Creating Family Traditions

Creating Family Traditions
Through the use of ritual and tradition, parents can empower their children with skills that will strengthen communication, develop self-acceptance, and create healthy coping mechanisms for difficult times. Though it is never too late to develop family traditions, if started when children are young, they will become healthy family habits that can last until your children are young adults. They may even continue the traditions when they start families of their own.

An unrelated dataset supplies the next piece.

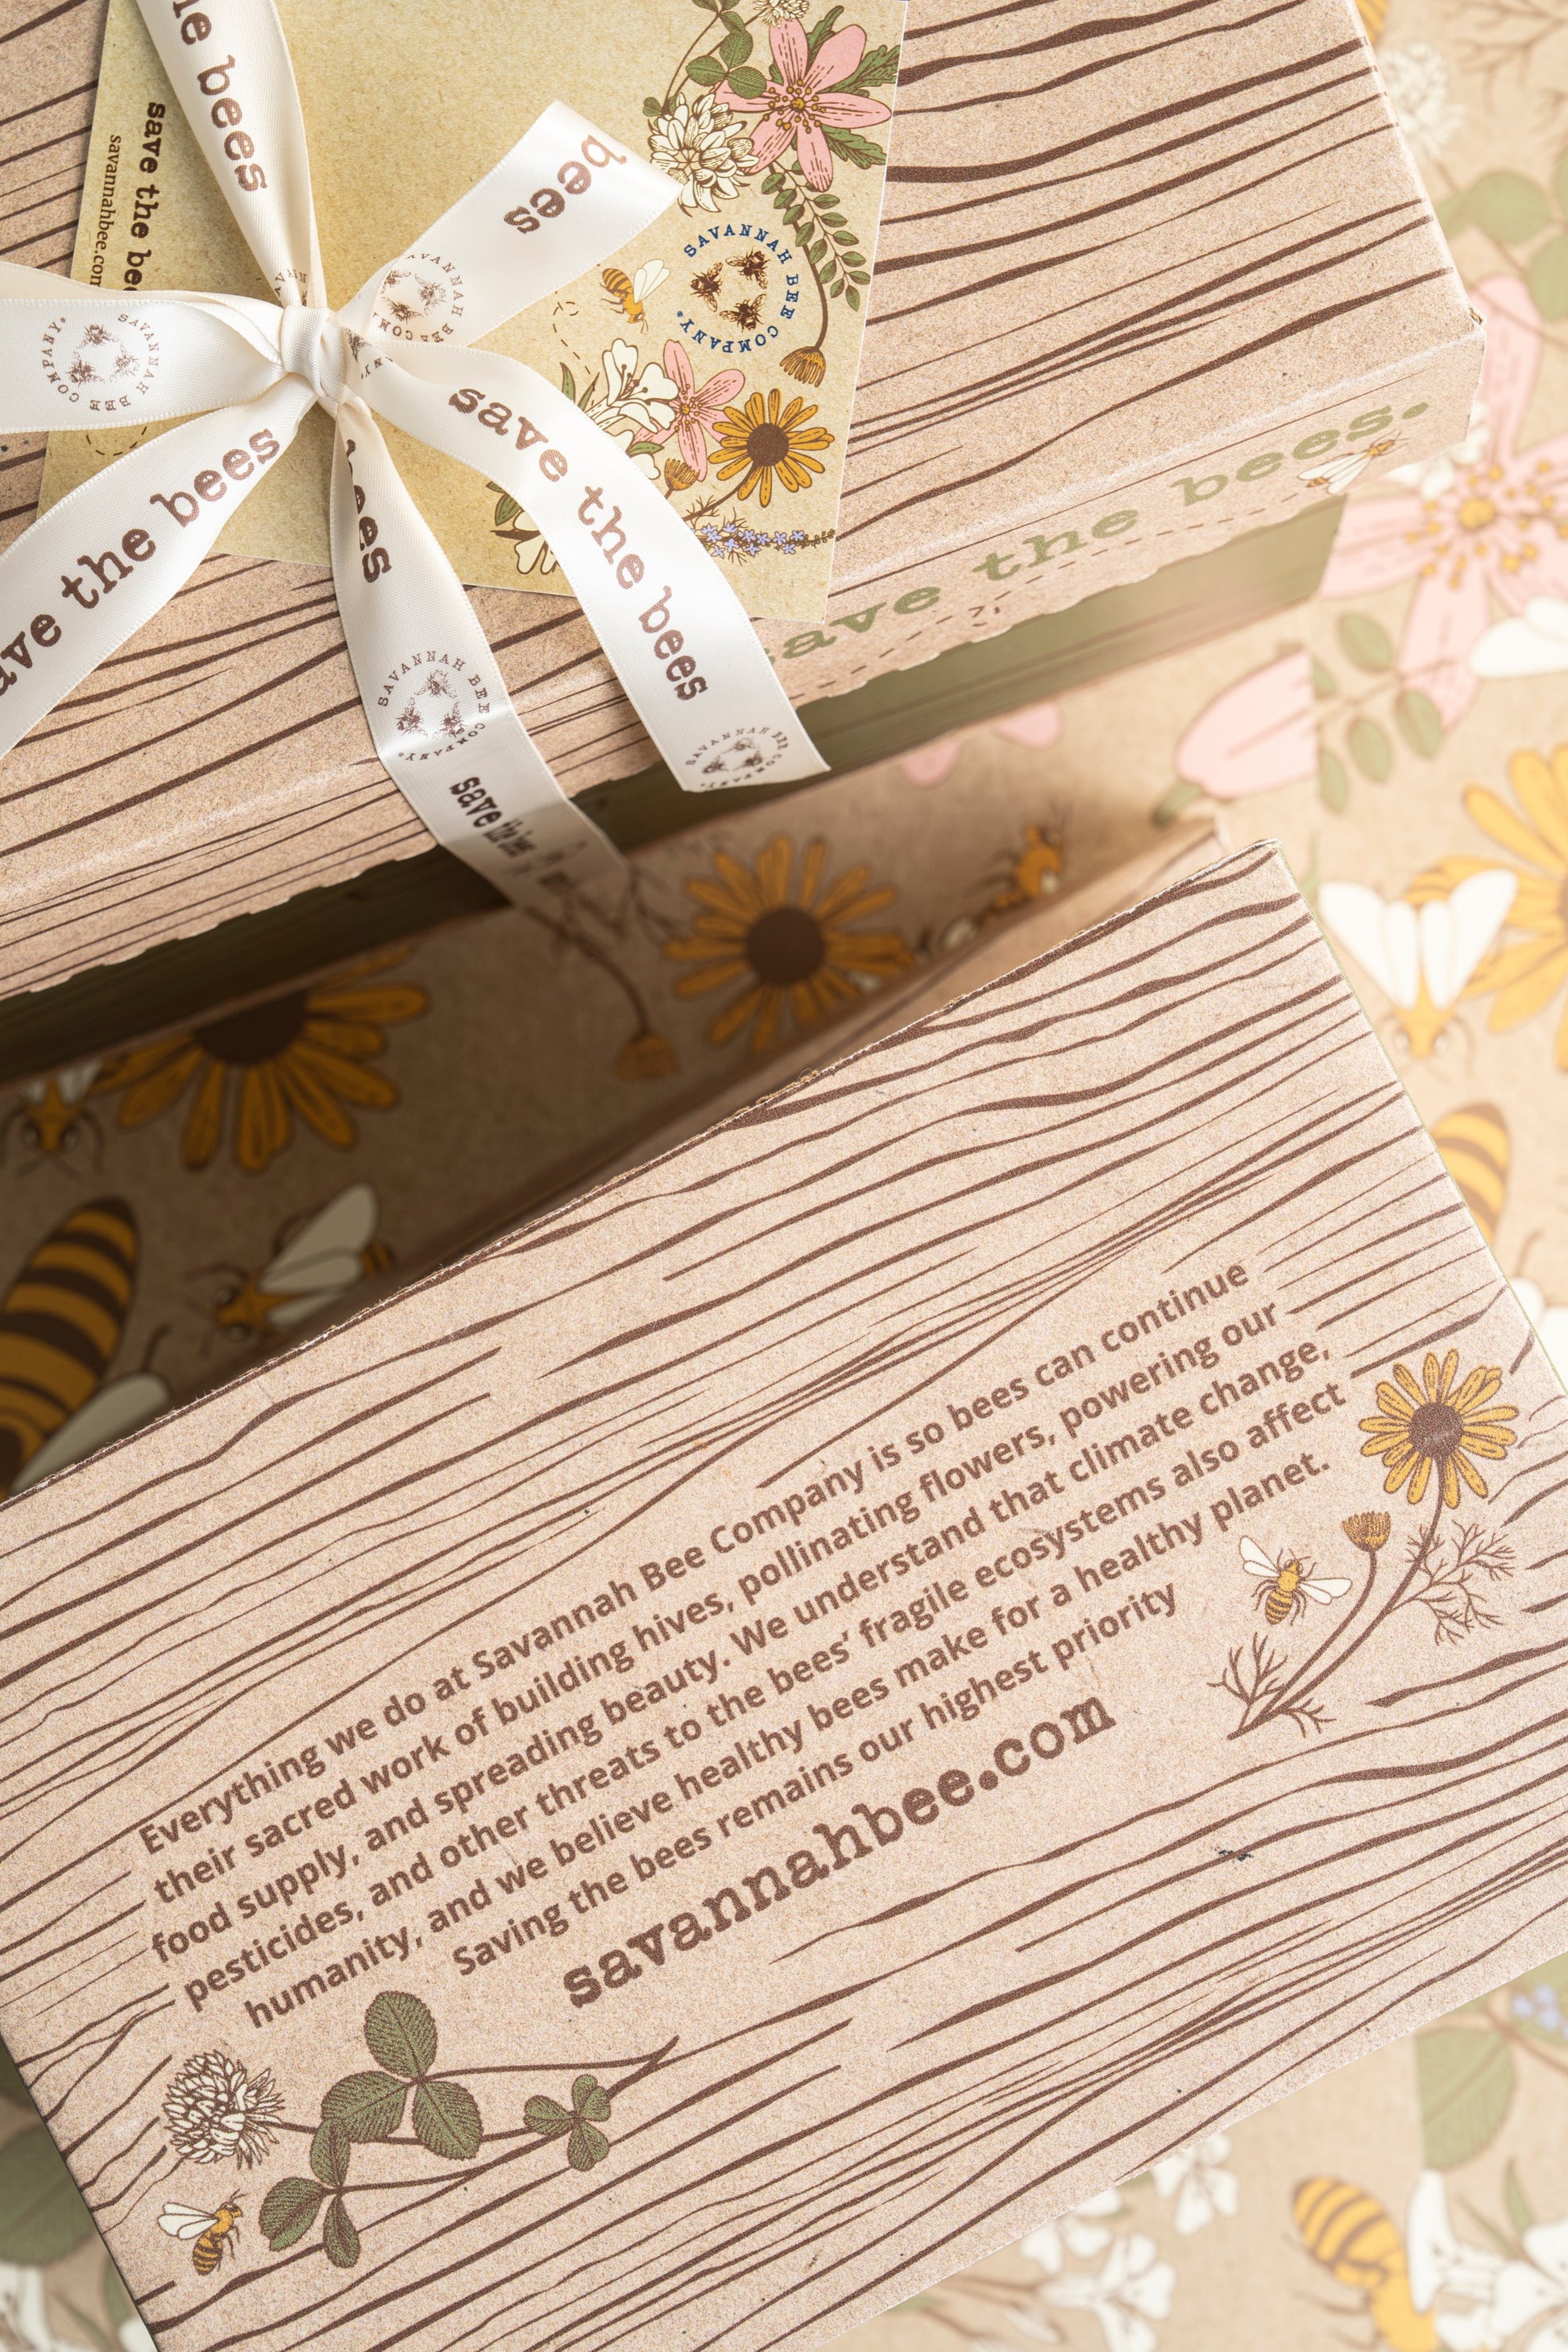  The bottom of a gift box with a quote and the Savannah Bee Company website next to a closed gift box tied with a save the bees ribbon

Here are four thoughts to get you started:

1. Create traditions around holidays and birthdays. More than just gathering the family together for special occasions, create specific rituals to attach to each holiday and/or child’s birthday. At Thanksgiving for example, create a custom where every member of the family expresses something he or she is grateful for. Or, each year for your child’s birthday, decorate the table before he or she wakes up and serve a special breakfast. Save children’s artwork through the years and hang it when the appropriate holiday arrives. It’s easy to store artwork in plastic tubs you can keep under your bed or stacked in a cabinet in the garage.

2. Pick a weekend night to all stay in together. Let young children stay up late and have movie night. Eat dinner on the couch, serve popcorn and cuddle up together. Better yet, instead of a movie, make it family game night. There are so many great games that all ages can enjoy!

3. When the weather cools off where you live, it’s the perfect time to go for a family walk. If you have a park nearby, you can play on the slides or kick a soccer ball around. If you only have thirty minutes before bedtime, it’s still a moment to seize. Skip the baths and showers for a weekly walk around the block.

4. A cherished ritual can be as simple as reading to children before bed. You can spend individual time with each of them, reading a book they have selected or you can pick a book the whole family can enjoy and read together. Even older children appreciate being read to.

Family traditions do not have to be elaborate or cost a lot of money. Dedicating time to be with family each week – or even each day – will have a long lasting impact on your children. Not only will you enhance family relationships, you will also demonstrate to your children how much you value your time together. Ritual and tradition has long been a part of religions, cultures and families. I encourage you to spend time creating your own family customs.